- [Data shown]
____

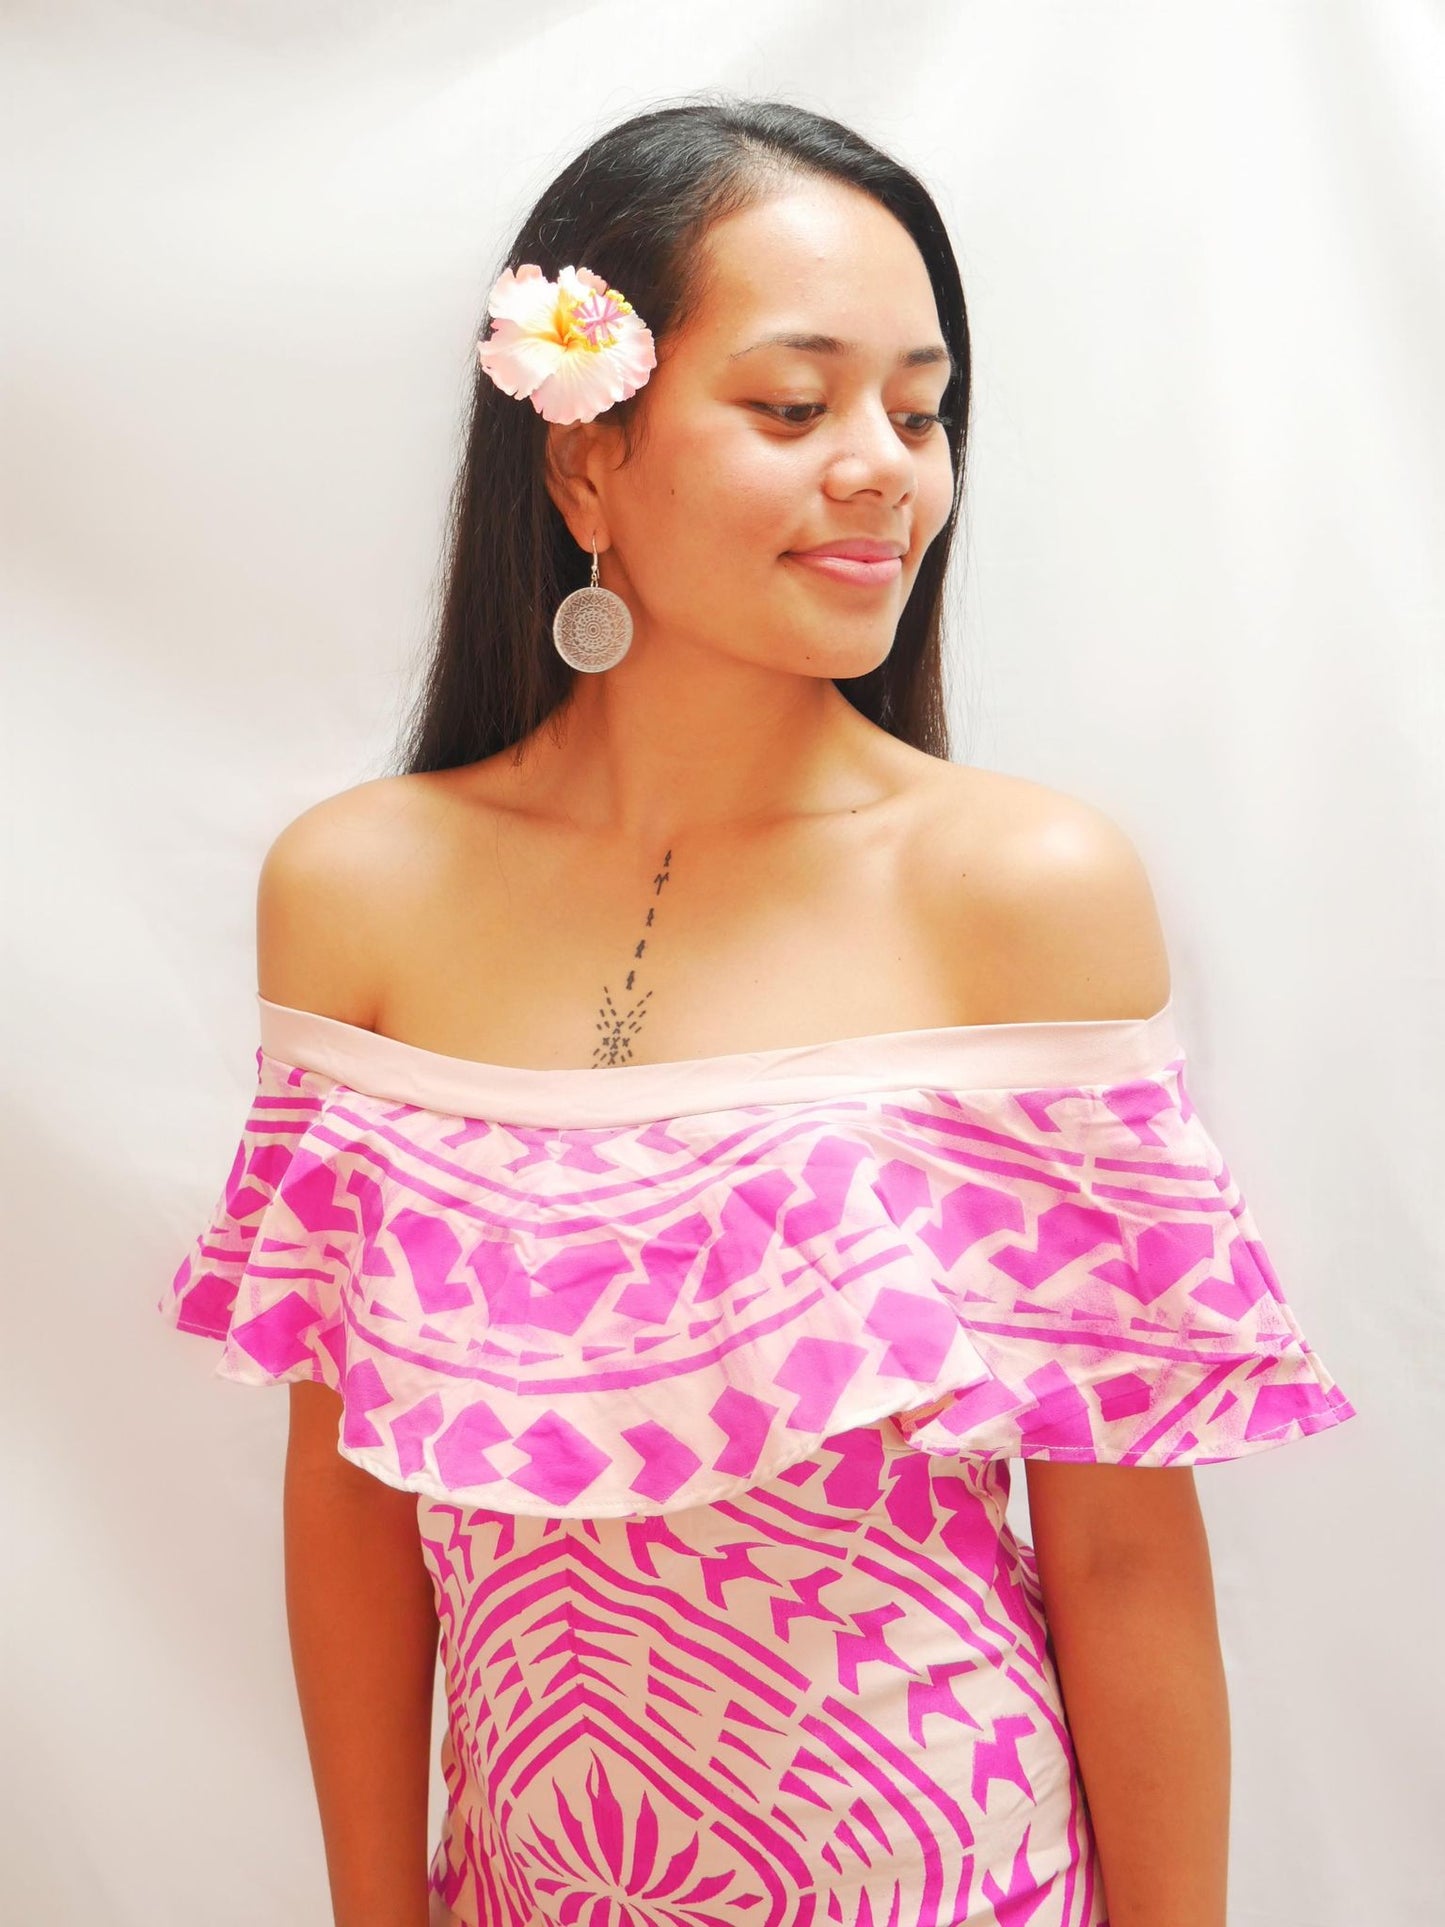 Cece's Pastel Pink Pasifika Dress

____

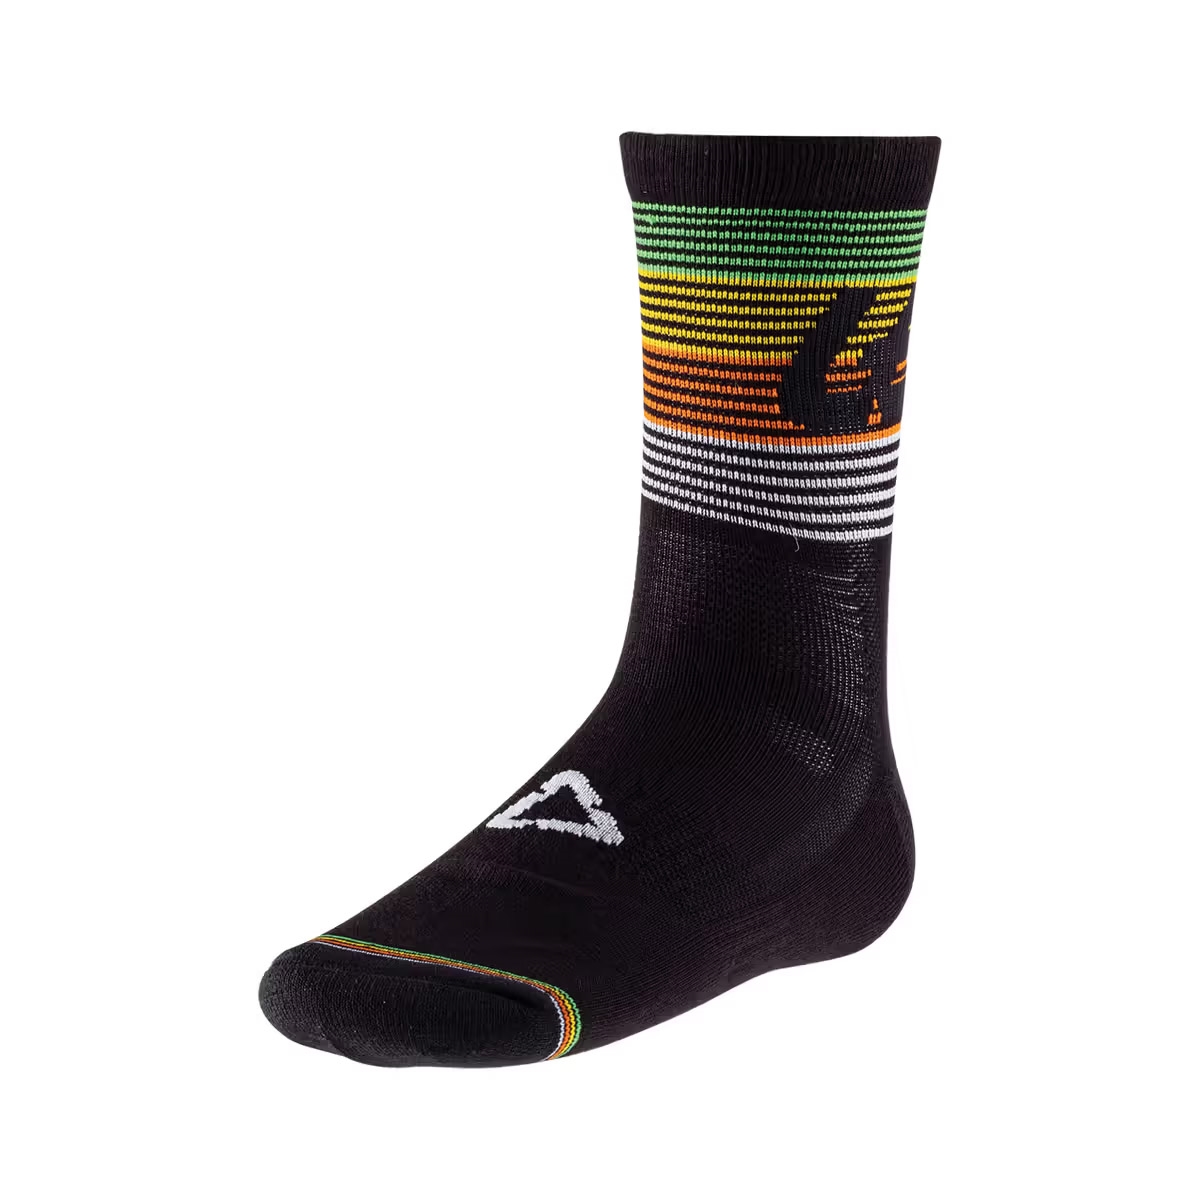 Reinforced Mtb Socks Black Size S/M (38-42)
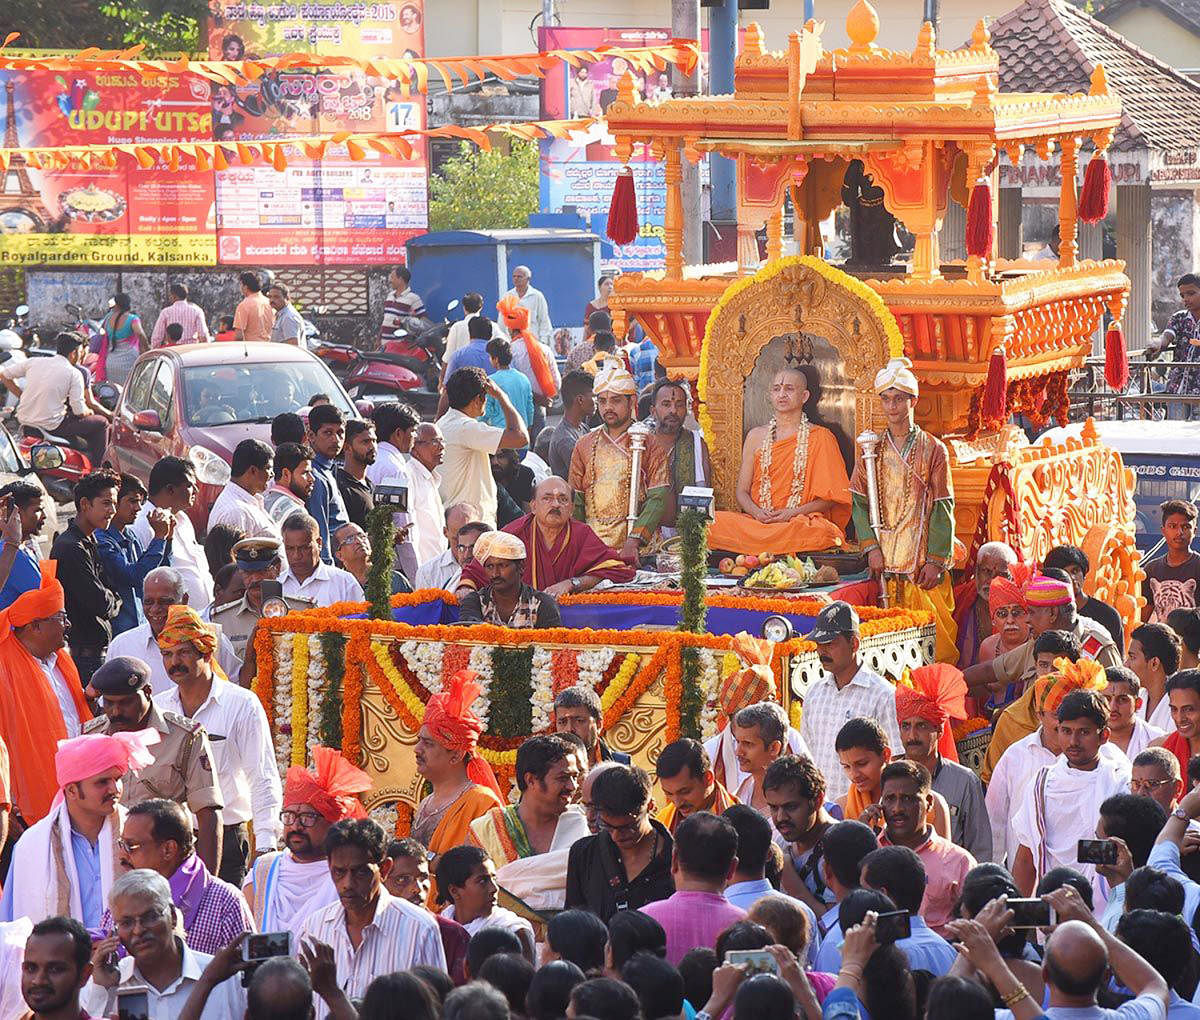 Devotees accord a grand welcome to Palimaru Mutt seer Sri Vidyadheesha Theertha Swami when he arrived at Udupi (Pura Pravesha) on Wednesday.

____

- [The problem] Only one stretch of the entries above is needed: the lines from the one containing "Reinforced Mtb Socks Black Size S/M (38-42)" through the one containing "Devotees accord a". Copy it exactly, without the pictures.

- [Output of the task]
 Reinforced Mtb Socks Black Size S/M (38-42)
 Devotees accord a grand welcome to Palimaru Mutt seer Sri Vidyadheesha Theertha Swami when he arrived at Udupi (Pura Pravesha) on Wednesday.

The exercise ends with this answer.